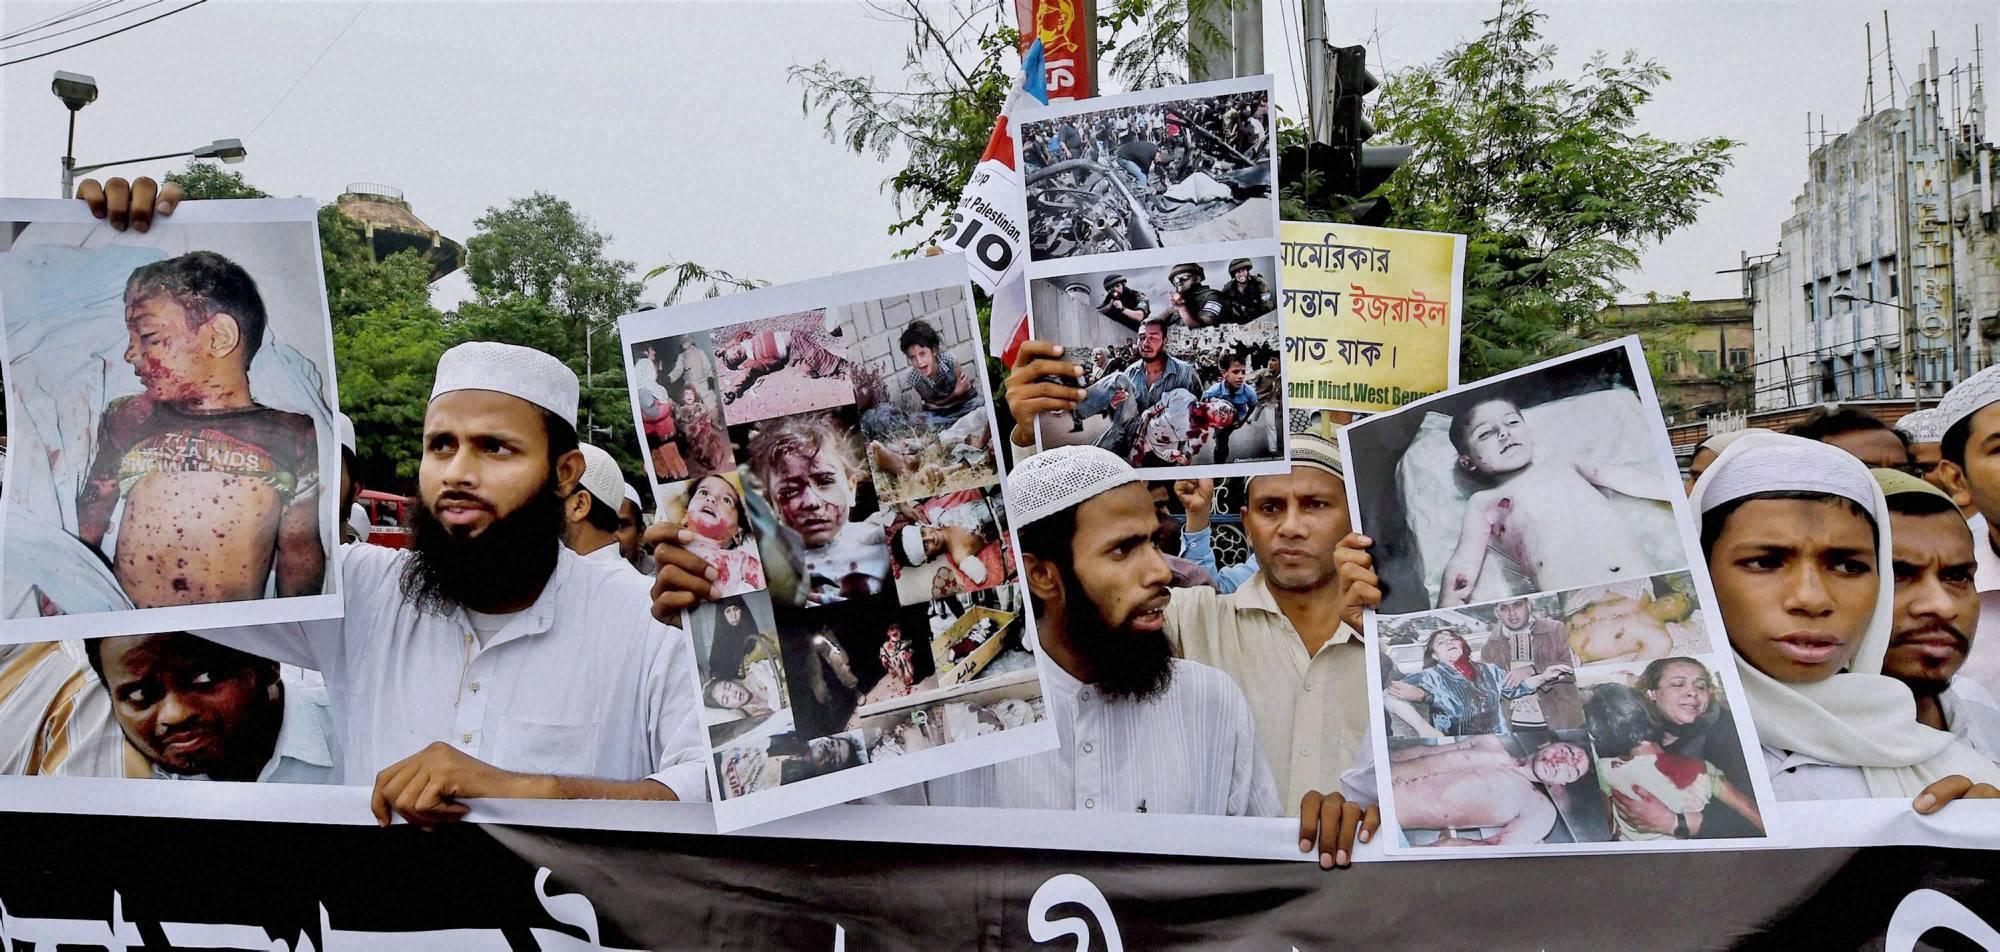 Muslims, display posters,protest, against Israel's, military, operation, Gaza, kolkata
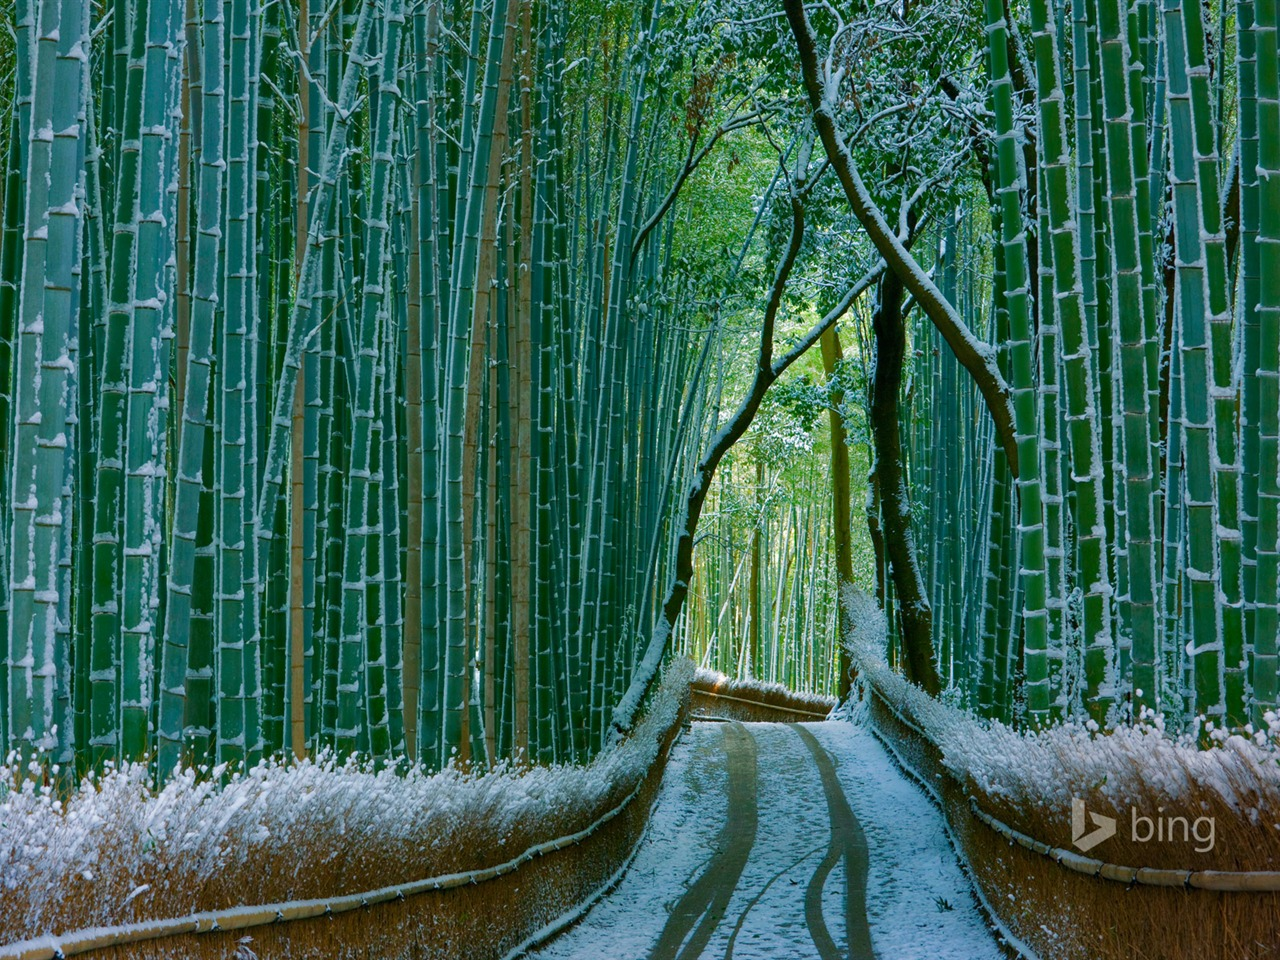 Japan Bamboo Forest Arashiyama 2016 Bing Desktop Wallpaper
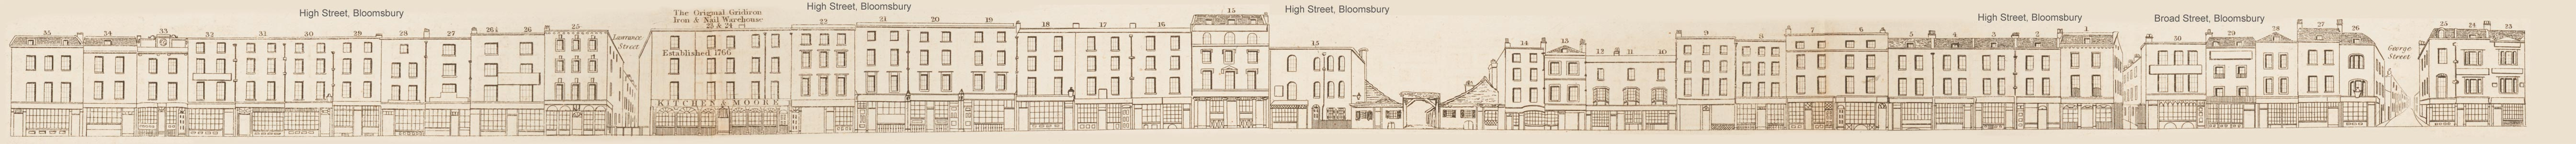 map - Tallis's London street views : No. 27. Broad Street, Bloomsbury (north)

§ Work instruction
Give the preceding data back exactly, minus every picture.

§ Solution
 Muslims, display posters,protest, against Israel's, military, operation, Gaza, kolkata
 Japan Bamboo Forest Arashiyama 2016 Bing Desktop Wallpaper
 map - Tallis's London street views : No. 27. Broad Street, Bloomsbury (north)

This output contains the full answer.